To verify the consistent performance of our proposed method in estimating portion sizes amidst natural body movements during meals, we assessed images captured from various viewing angles within identical scenarios. Our findings suggest that key features related to portion size, especially FRR, maintained consistency across different frames, which can be seen in the first and last row of Supplementary Fig. 1a. This consistency indicates that our method is robust in handling video footage with reasonable body movements. We also observed a significant difference in FRR between the second image in scenario 2 and the others, due to the food container being poorly captured, leading to overestimation of the portion size. This highlights the importance of using data pre-processing techniques in monitoring nutritional intake through passive methods. Another interesting finding is that when we compare the value of PAR in the first row of images with those in last row, we found that the former one is smaller. This is because the images in the first row were captured by a camera tilted downwards (i.e. similar to a top-down view). To further evaluate the performance of PAR, we performed an ablation study to classify whether the image was captured by eButton or AIM using PAR as the only feature (i.e. the images captured by AIM were tilted downwards, while the images captured by eButton were not). We trained a MLP classifier for this specific task and the final testing accuracy can achieve up to 98.5%. This shows a promising preliminary result on the challenging problem of estimating relative viewing angles of the cameras from images captured in the wild without relying on any deep learning-based approaches. These results unveil the potential of using the feature PAR (i.e. the aspect ratio of the food containers) to infer the viewing angles of wearable cameras, which in turn provide valuable insights into how to handle images captured with unseen positions.

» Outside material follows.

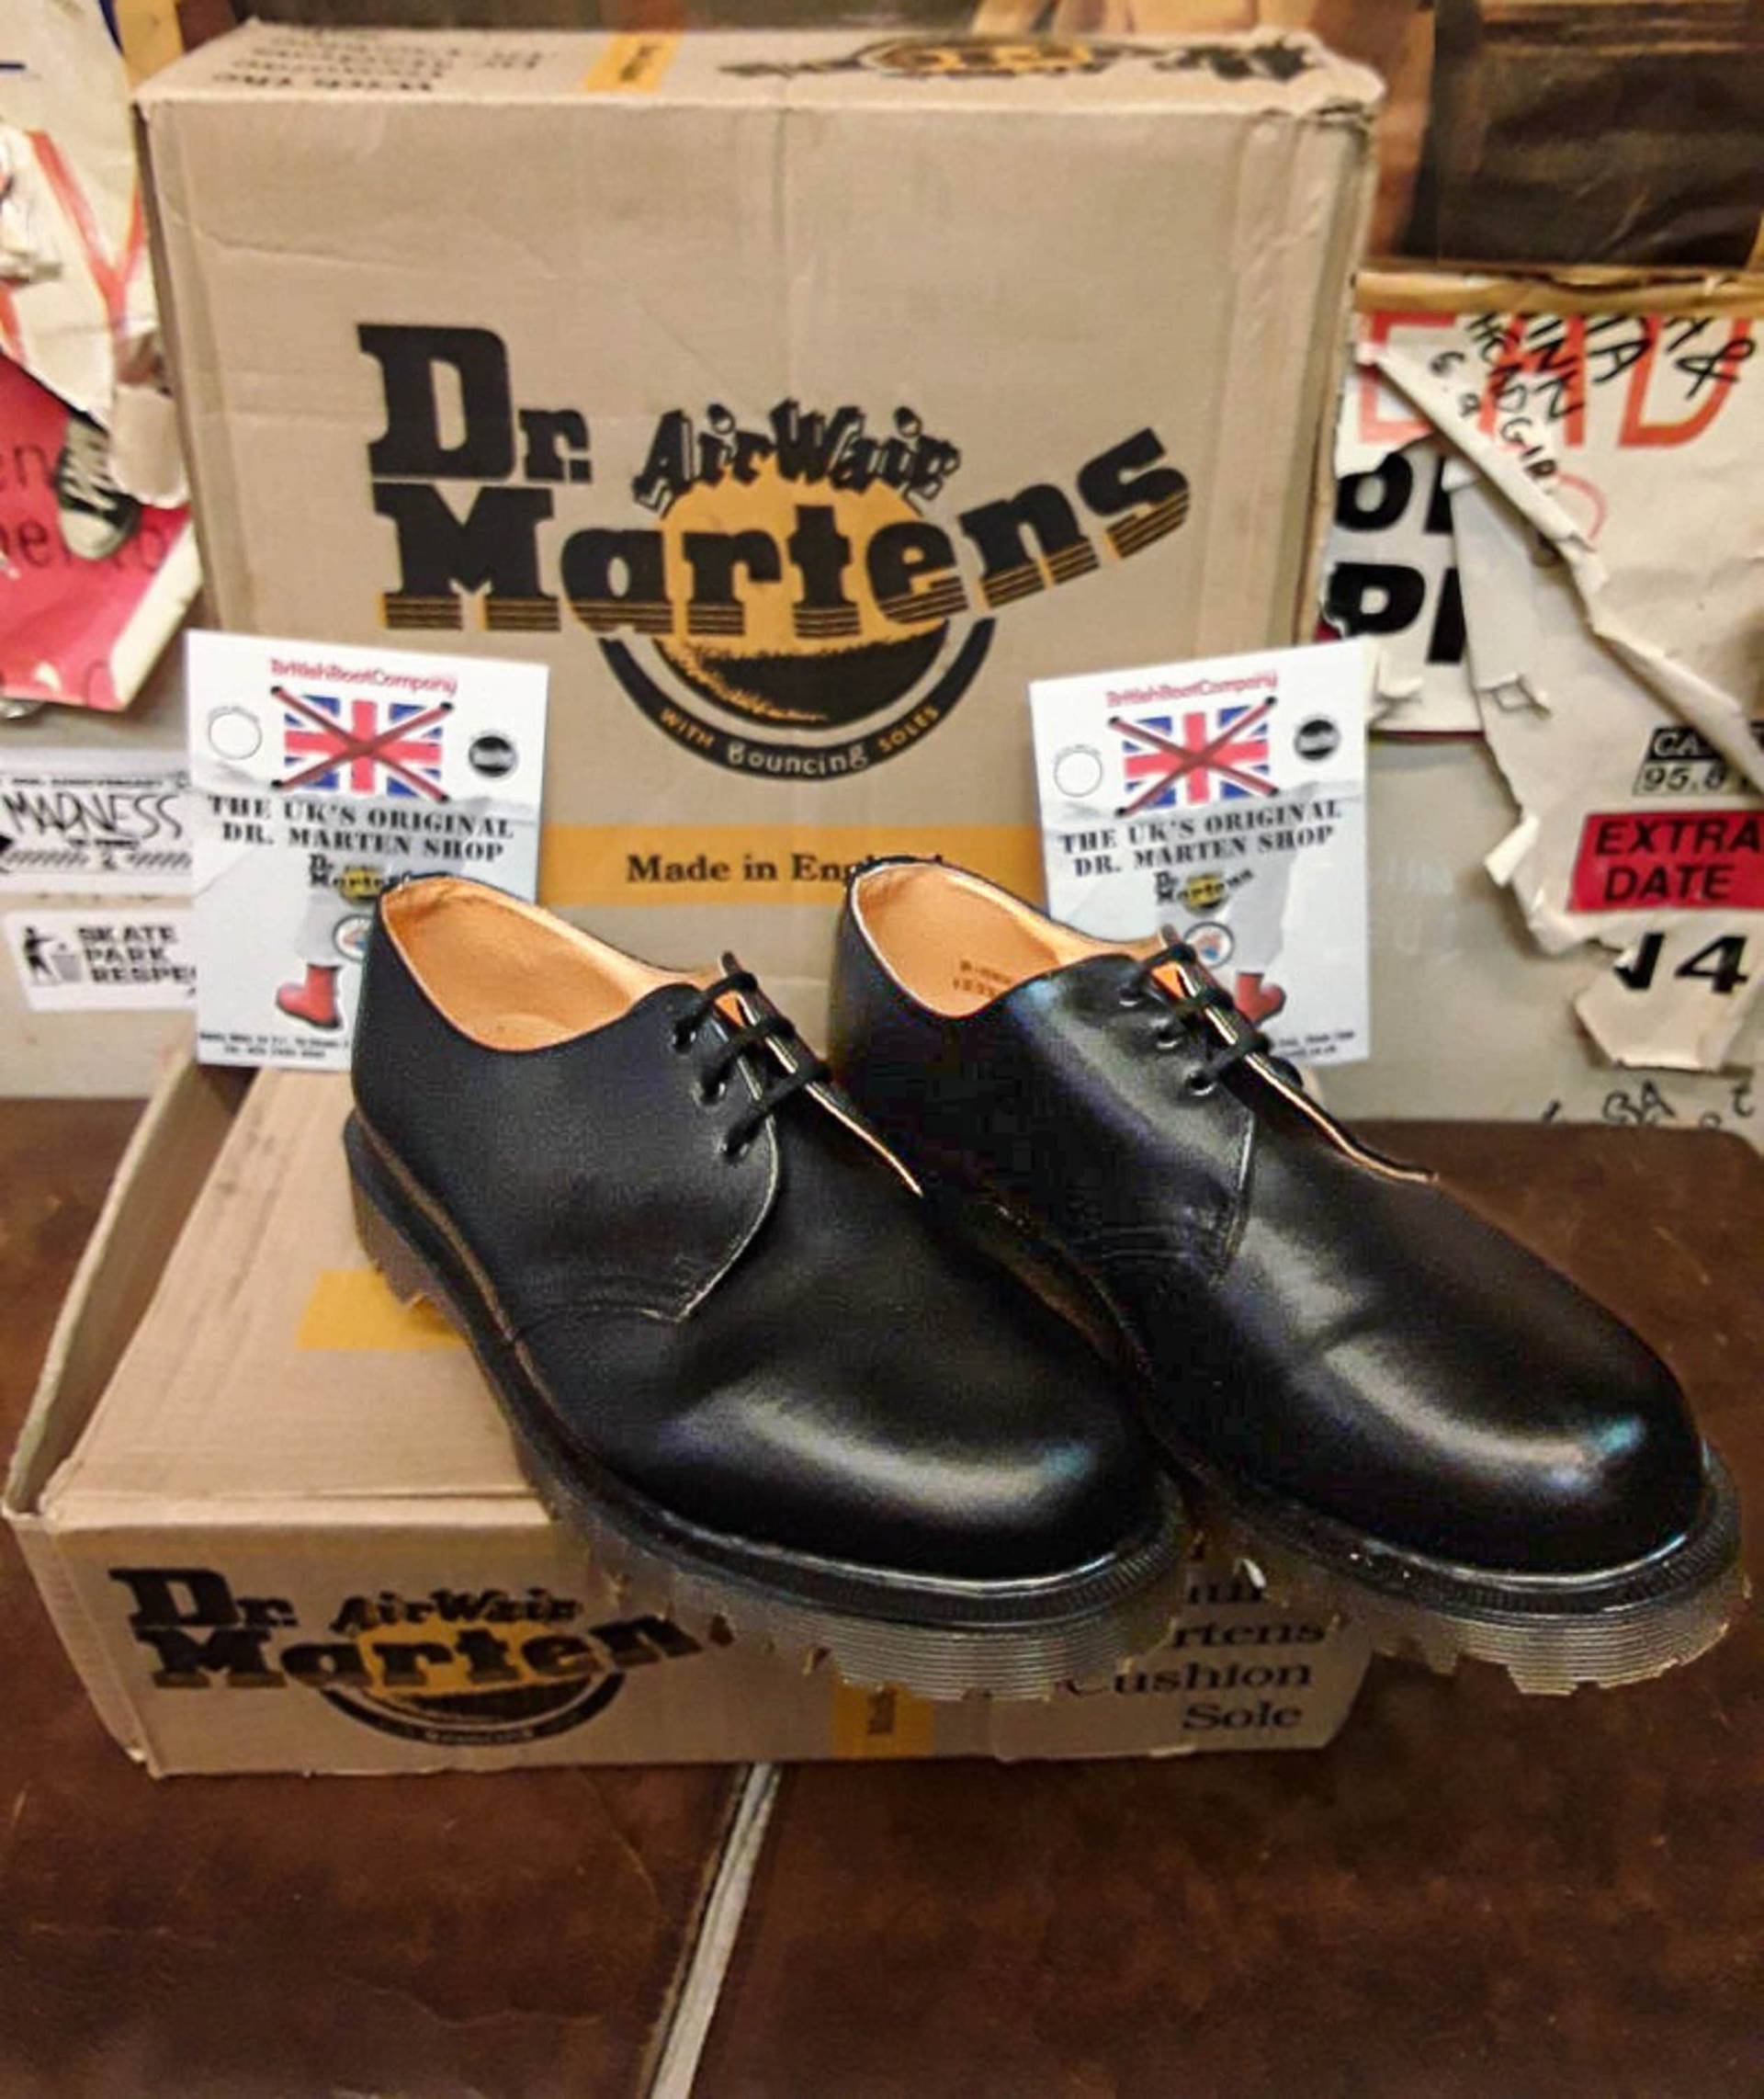 Dr Martens Schwarze Schuhe, Made in England, Ben Sole, Herren Lederschuhe/Verschiedene Größen 8249 von BritishBootVintage

Portion size estimation module refers to a network which is implemented by a stacking ensemble Machine Learning (ML) method by combining a Multi-Layer Perceptron (MLP) neural network with Random Forest (RF) and Extra Trees (ET) regressors. The module takes the designed features as input and outputs the estimated portion size, i.e. the output of EgoDiet:PortionNet is in grams since the ground truth weight (g) of a food item is easier to obtain than its actual volume (cm3). Several ML methods are also evaluated using the designed features to see whether these features also perform well in different ML models.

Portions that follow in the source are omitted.